Bonjour monsieur Doval, pour commencer nous voudrions savoir quelle est votre formation scientifique ?

J’ai reçu une formation d’ingénieur à l’école Centrale des Arts et Manufactures de Paris. À la fin de mon école d’ingénieur, j’ai bifurqué vers la recherche, m’étant rendu compte que le métier d’ingénieur ne correspondait pas à mes attentes. J’ai donc fait un DEA, le DEA IARFAG (Intelligence Artificielle, Reconnaissance des Formes, Algorithmique et Graphique) à Paris 6. En fait, j’avais contacté l’IRCAM sur le projet de « MIDIfication » de la flûte, c’était Lawrence Beauregard qui était à l’origine de ce projet et l’idée était de transposer les travaux sur la clarinette. Mais le problème c’est que autant sur la flûte, les capteurs sont situés sur les clés, autant il y a des trous sans clef sur la clarinette. Du coup il a fallu envisager un système de suivi de la fréquence fondamentale en temps réel à partir du signal enregistré. Le sujet de ma thèse a donc été l’estimation de la fréquence fondamentale pour les signaux musicaux mais aussi pour la parole car je l’ai effectuée au sein du LAFORIA à l’UPMC dans un groupe traitant de la parole sous la direction de Xavier Rodet. Concrètement, ma thèse consistait à développer un algorithme pouvant fonctionner sur de très larges tessitures, de la contrebasse à la flute piccolo.

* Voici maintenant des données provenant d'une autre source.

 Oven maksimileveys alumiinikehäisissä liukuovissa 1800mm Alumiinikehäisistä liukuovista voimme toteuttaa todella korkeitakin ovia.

Après ma thèse, j’ai été nommé Maître de Conférences et j’ai intégré le LIMSI (Laboratoire d’Informatique pour la Mécanique et les Sciences de l’Ingénieur) dans un groupe qui s’occupait de synthèse et d’analyse de la parole.

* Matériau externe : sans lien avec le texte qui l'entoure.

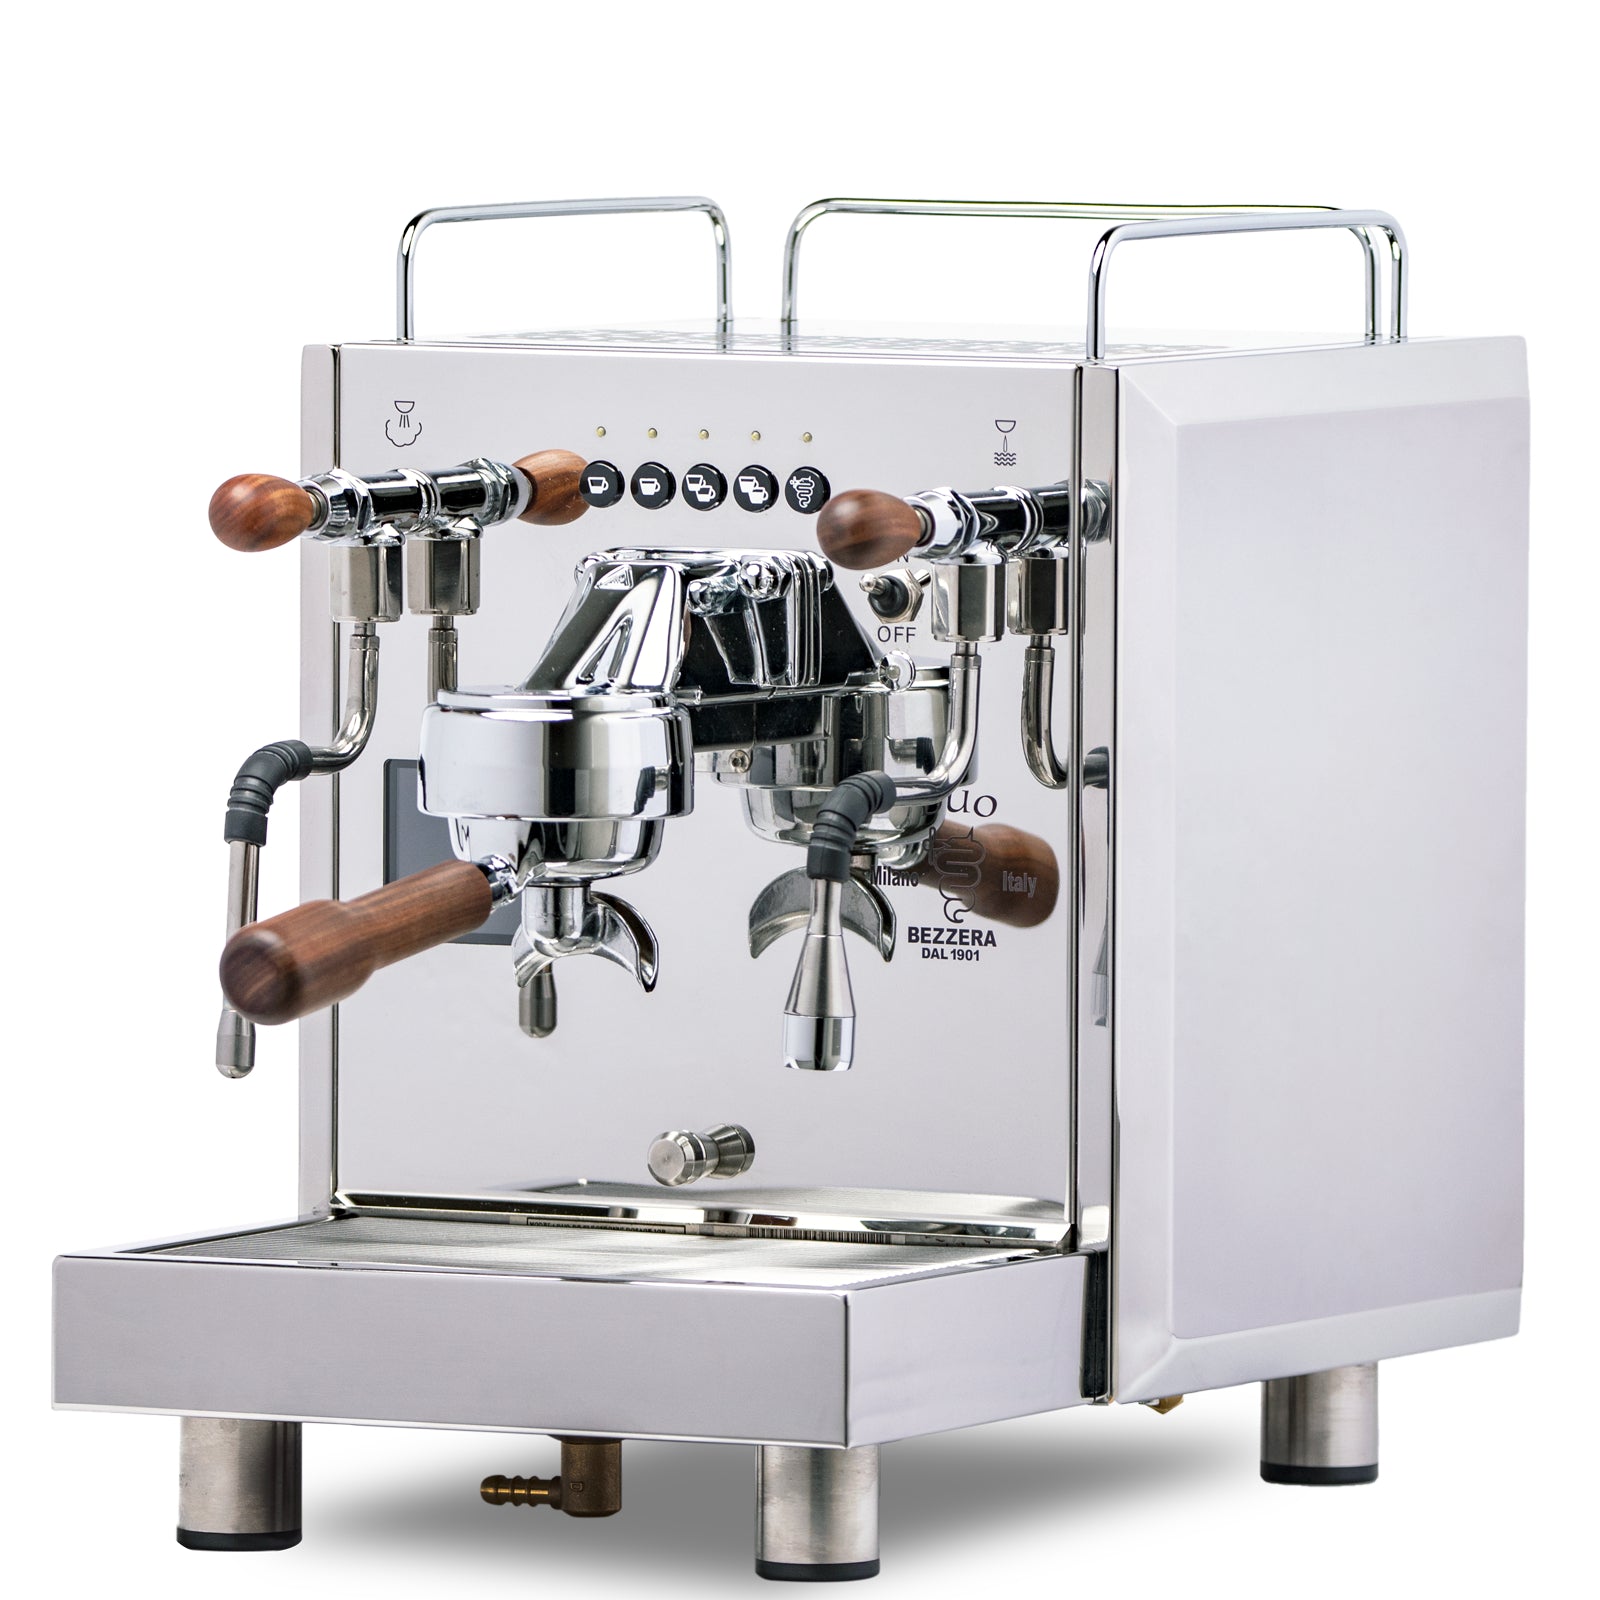 Bezzera - Espresso coffee machines since 1901

Mais pourquoi la voix chantée ?

Cela est venu progressivement, à force d’être en contact avec ce matériau sonore passionnant et très varié. Dès l’époque de ma thèse puis au LIMSI, et maintenant au LAM, je me suis intéressé à la qualité vocale. Cela m’a conduit naturellement de 1′ étude de la voix parlée à la voix chantée.

Traitez-vous encore la voix parlée?

Oui, d’un point de vue pédagogique, mais aussi dans le texte porté par la voix chantée. C’est d’ailleurs ce qui différencie la voix de tous les autres instruments : c’est la combinaison de la musique et du langage. De toutes façons, les techniques pour étudier la voix parlée et la voix chantée sont à peu près les mêmes. Et je voudrais citer un projet que nous avons actuellement avec des ethnomusicologues pour étudier des productions vocales comportant des parties psalmodiées, déclamées ou scandées et là, la distinction entre voix parlée et voix chantée n’est plus aussi pertinente: et mérite d’être affinée !

Quelle était la place de la musique dans vos études ?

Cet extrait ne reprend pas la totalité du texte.